Multivariate Normal MLE

Maximum likelihood estimation for multivariate normal distributions with missing data. Direct BFGS and EM algorithms. Little’s MCAR test. Missing data pattern analysis.

Multivariate normal maximum likelihood estimation with missing data.

Public API:

mlest(data, …) -> MVNSolution

pystatistics.mvnmle.mlest(data_or_design, *, algorithm='direct', backend='auto', method=None, tol=None, max_iter=None, verbose=False)[source]
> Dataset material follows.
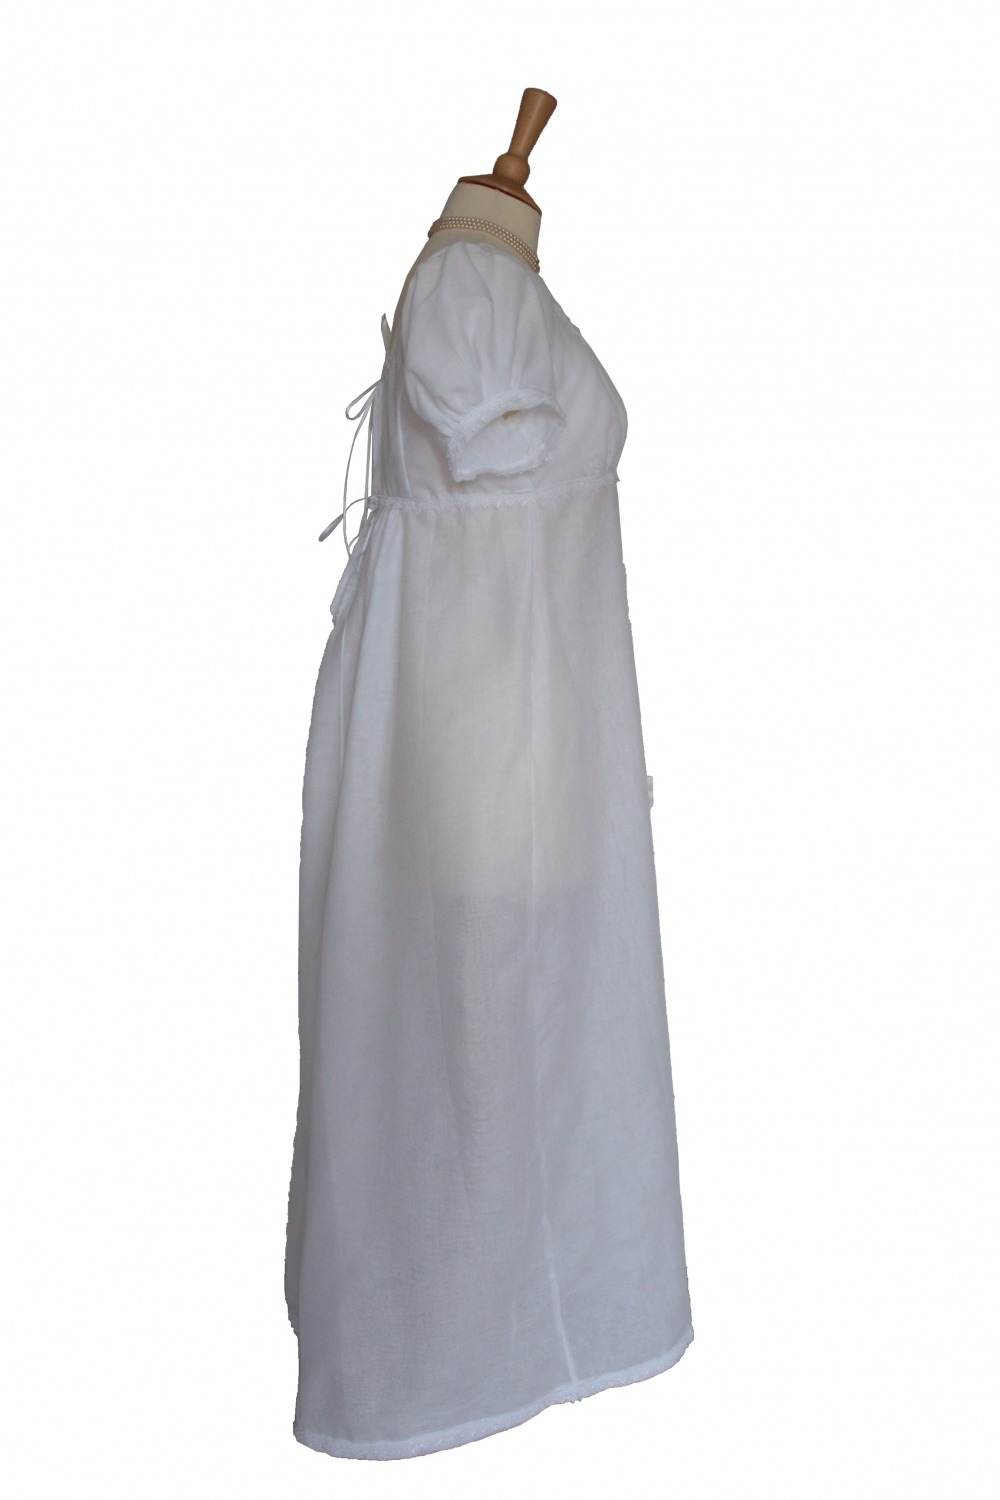 Ladies Older Girl's 19th Century Petite Jane Austen Regency Day Gown Costume Size 10 - 12 Image

Maximum likelihood estimation for multivariate normal with missing data.

Accepts EITHER:
  1. An MVNDesign object

  2. Raw data array or DataFrame (convenience)

Parameters:
  • data_or_design (array-like or MVNDesign) – Data matrix with NaN for missing values, or MVNDesign object.

  • algorithm (str) –

    Estimation algorithm: - ‘direct’ (default): BFGS optimization on the log-likelihood,

    using R-exact inverse Cholesky parameterization.

    • ’em’: Expectation-Maximization algorithm. Typically slower to converge but guaranteed monotone likelihood increase.

  • backend (str) – Backend selection: ‘auto’, ‘cpu’, ‘gpu’.

  • method (str or None) – Optimization method for direct algorithm. If None, auto-selected by backend. Ignored for EM.

  • tol (float or None) – Convergence tolerance. If None, uses algorithm-appropriate default: direct = 1e-5 (gradient tolerance), em = 1e-4 (parameter change).

  • max_iter (int or None) – Maximum iterations. If None, uses algorithm-appropriate default: direct = 100, em = 1000.

  • verbose (bool) – Print progress information.

Return type:

MVNSolution

Examples

>>> from pystatistics.mvnmle import mlest, datasets
>>> result = mlest(datasets.apple)
>>> result_em = mlest(datasets.apple, algorithm='em')
>>> print(result.muhat)
>>> print(result.loglik)
class pystatistics.mvnmle.MVNDesign(_data, _n, _p)[source]

Bases: object

Design for multivariate normal MLE with missing data.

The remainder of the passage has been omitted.